Выбрать главу

На следующее утро погода опять была серая, угрюмая, под стать общему настроению. Я отправился к Кристиансборгскому дворцу. Вся площадь была заполнена народом. Президент совета Галль вышел на балкон и провозгласил: «Король Фредерик VII скончался! Да здравствует король Кристиан IX!» Загремело «ура», и король несколько раз показывался народу. От скромной и счастливой семейной жизни он был призван к правлению государством и перенес вместе с ним тяжелые испытания. Весь мир знает о последней несчастной войне Дании. Датский солдат не знает устали, храбр, прост и честен. С пением, с криками «ура» шли войска на защиту оплота Дании против вторжения немцев, вала Данневирке.

Я еще не терял надежды, что Бог спасет Данию, но по временам в сердце мое закрадывался страх. Никогда не чувствовал я глубже, насколько я привязан к родине. Я не забыл, сколько знаков искренней любви, уважения и дружбы удостоился я в Германии, не забыл своих дорогих немецких друзей, но теперь между нами был положен обнаженный меч.
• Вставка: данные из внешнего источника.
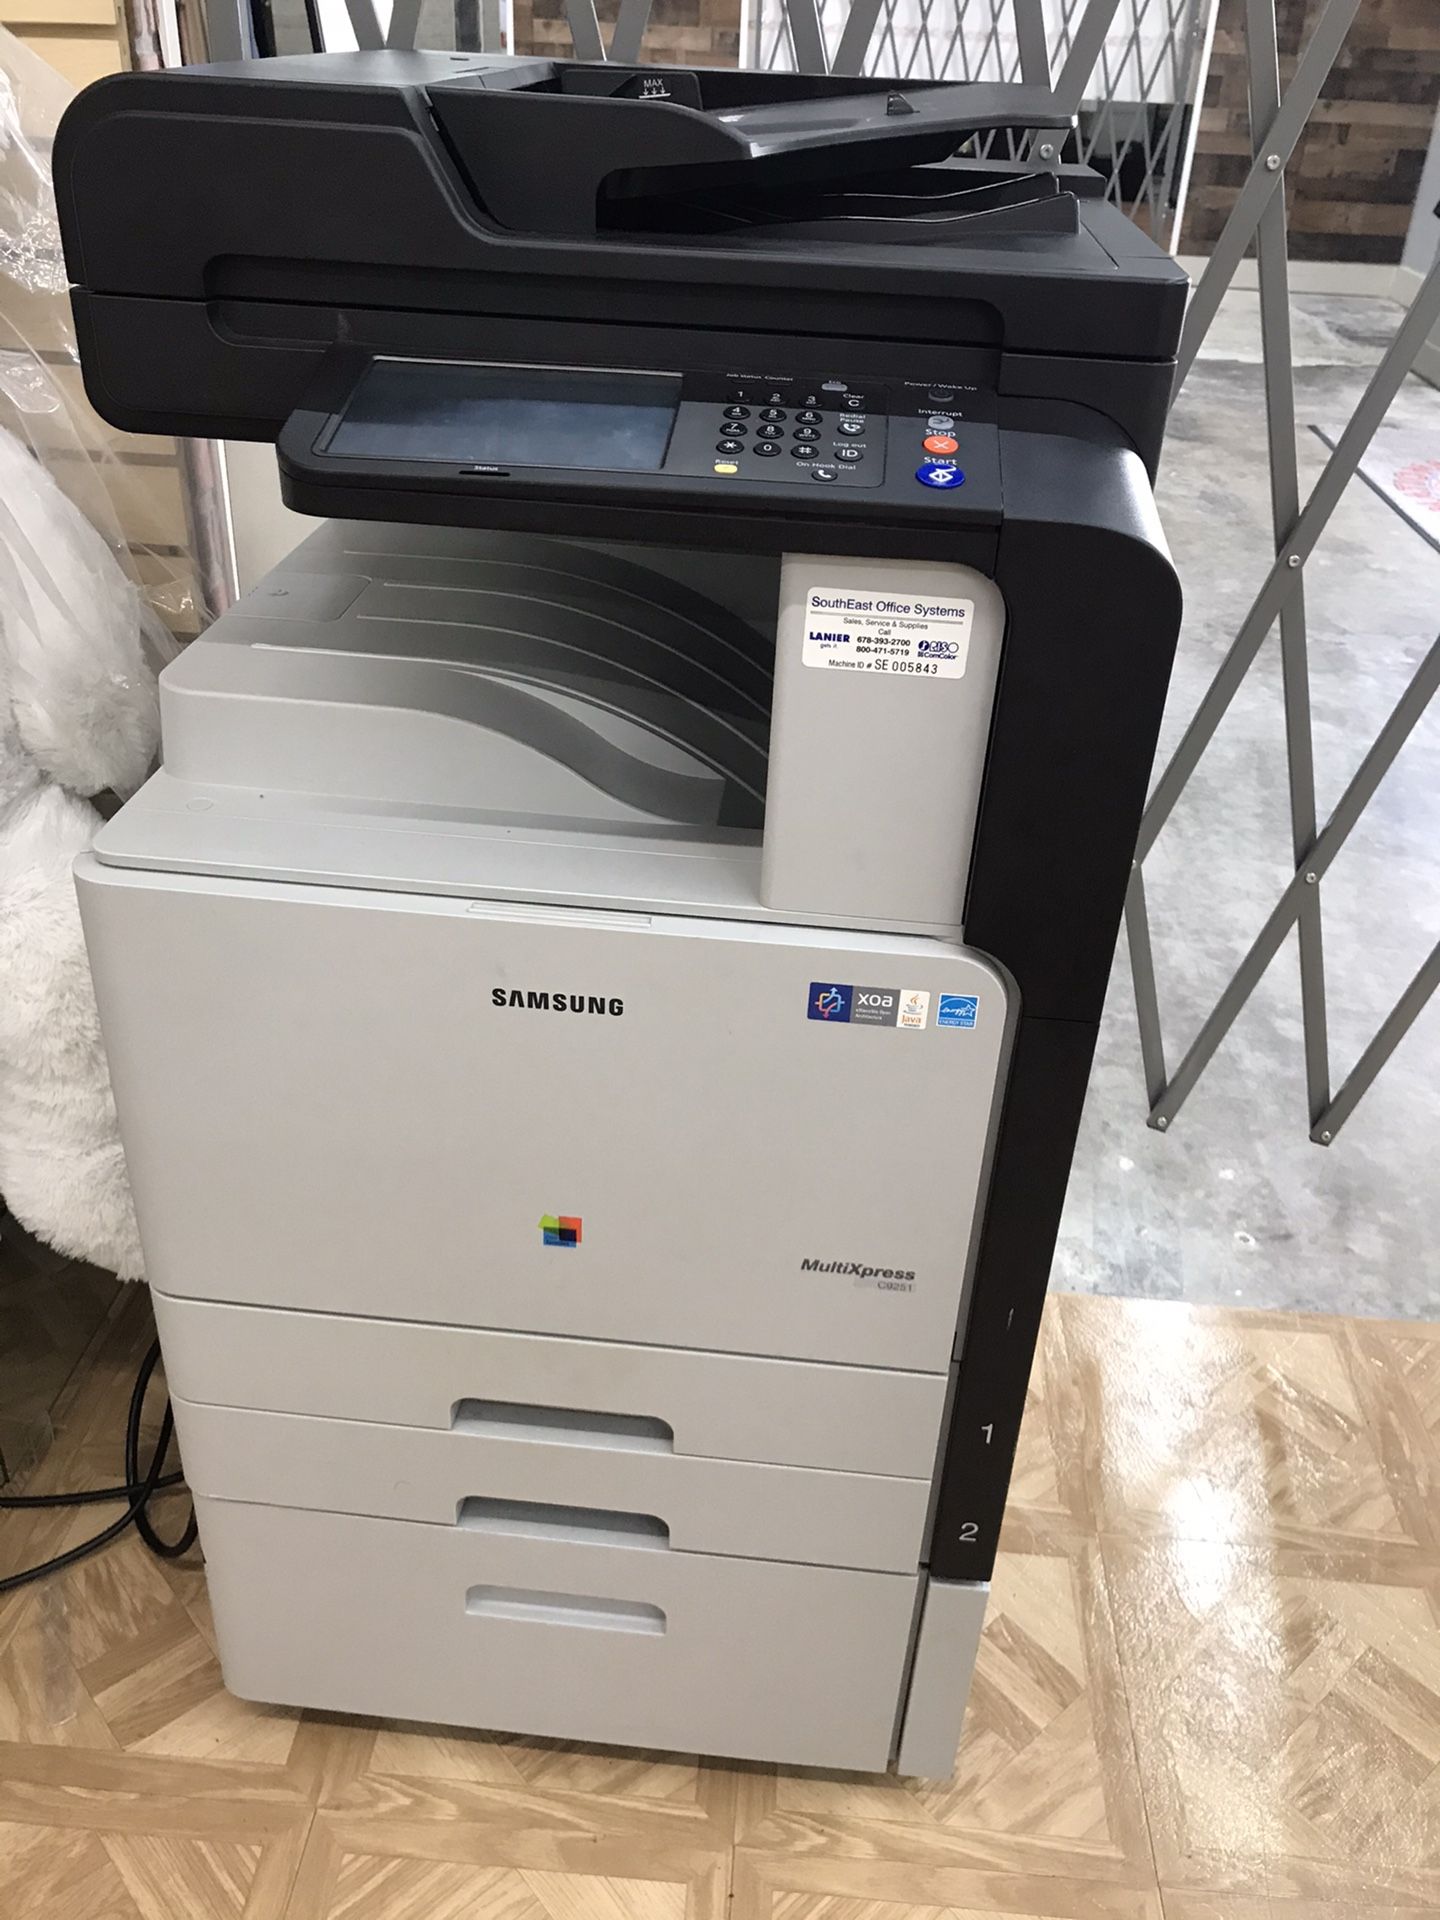 Samsung printers

Я не забываю добра и друзей, но родина моя – мать мне, и она мне всего дороже!

1864 г

В новогоднее утро был трескучий мороз, и я невольно вспомнил о наших солдатах на форпостах и в холодных бараках и подумал: «Теперь мороз соорудил мост для врага, и на берега наши хлынут неприятельские полчища! Что-то будет!» Меня не поддерживала непоколебимая уверенность большинства окружающих в неприступности Данневирке. Я ведь знал, что благодаря железным дорогам Германия могла затопить нашу страну полчищами своих солдат, как море в бурю затопляет волнами берег. Я и спросил раз одного из своих воодушевленных земляков: «А если возьмут Данневирке, как тогда быть нашим войскам в Дюббёле и Альсе? Они ведь окажутся отрезанными?» – «Как может датчанин задавать подобный вопрос! – воскликнул он. – Как можно допускать самую мысль, что Данневирке будет взят!» Так велика была вера датчан в Бога, нашу опору и защиту.

Почти ежедневно отбывали на театр военных действий все новые и новые полки наших солдат, все молодежь, отправлявшаяся на войну весело, смело, как на пир. Я неделями и месяцами не чувствовал себя в состоянии заниматься чем бы то ни было; все мои мысли были там. Первого февраля была получена телеграмма, извещавшая о переходе немцев через Эйдер и о начале военных действий. В конце недели пронеслись зловещие слухи об оставлении нашими войсками Данневирке без боя и об отступлении их к северу. Мне казалось, что все это только страшный сон; я глубоко скорбел, и не я один, всех охватило то же чувство глубокой скорби. Семнадцатого февраля неприятель перешел через Kóngeaa (Королевская река), но Дюббёль и Альс оставались еще за нами.

Предшествовавшая война все-таки подняла наш дух; тогда выдавались светлые минуты побед, теперь же мы стояли лицом к лицу с грозной силой, одни, покинутые всеми, и могли утешать себя лишь тем, что если «Бог унижает, Он же и возвышает!».

В походных лазаретах лежали рядом и датчане и немцы. Из Фленсборга ежедневно являлись сострадательные дамы, обходили раненых и приносили им разные прохладительные напитки и фрукты. Какая-то немецкая патриотка протянула было прохладительное одному датскому солдату, но, услыхав, что он благодарит ее по-датски, отдернула свое приношение и повернулась к другому больному, спрашивая его, какой он национальности. «Пруссак! – ответил он, но оттолкнул ее руку со словами: – Не надо мне от тебя ничего, раз ты не дала ему! Теперь мы с ним товарищи! Здесь не поле брани!»

2 апреля беззащитный город Сёндерборг был выжжен неприятелем дотла, и скоро вражьи полчища наводнили всю Ютландию.

Я все еще не терял надежды и веры в Божью милость к нам и пел в то время, как горсть наших храбрецов отбивалась от врага за полуразрушенными шканцами:

Горсть храбрецов, надеяся на Бога,Не даст померкнуть славе Данеброга!

Но что поделает в наше время горсть храбрецов против вдесятеро сильнейшего врага! Я готовился ко всему худшему, предчувствовал, что отечество мое подвергнется жесточайшему расчленению и истечет кровью, так что родной язык мой будет раздаваться лишь как эхо с берегов Норвегии. Все мои друзья и знакомые были так же убиты, подавлены горем, как и я. И все мы одинаково горели любовью к родине.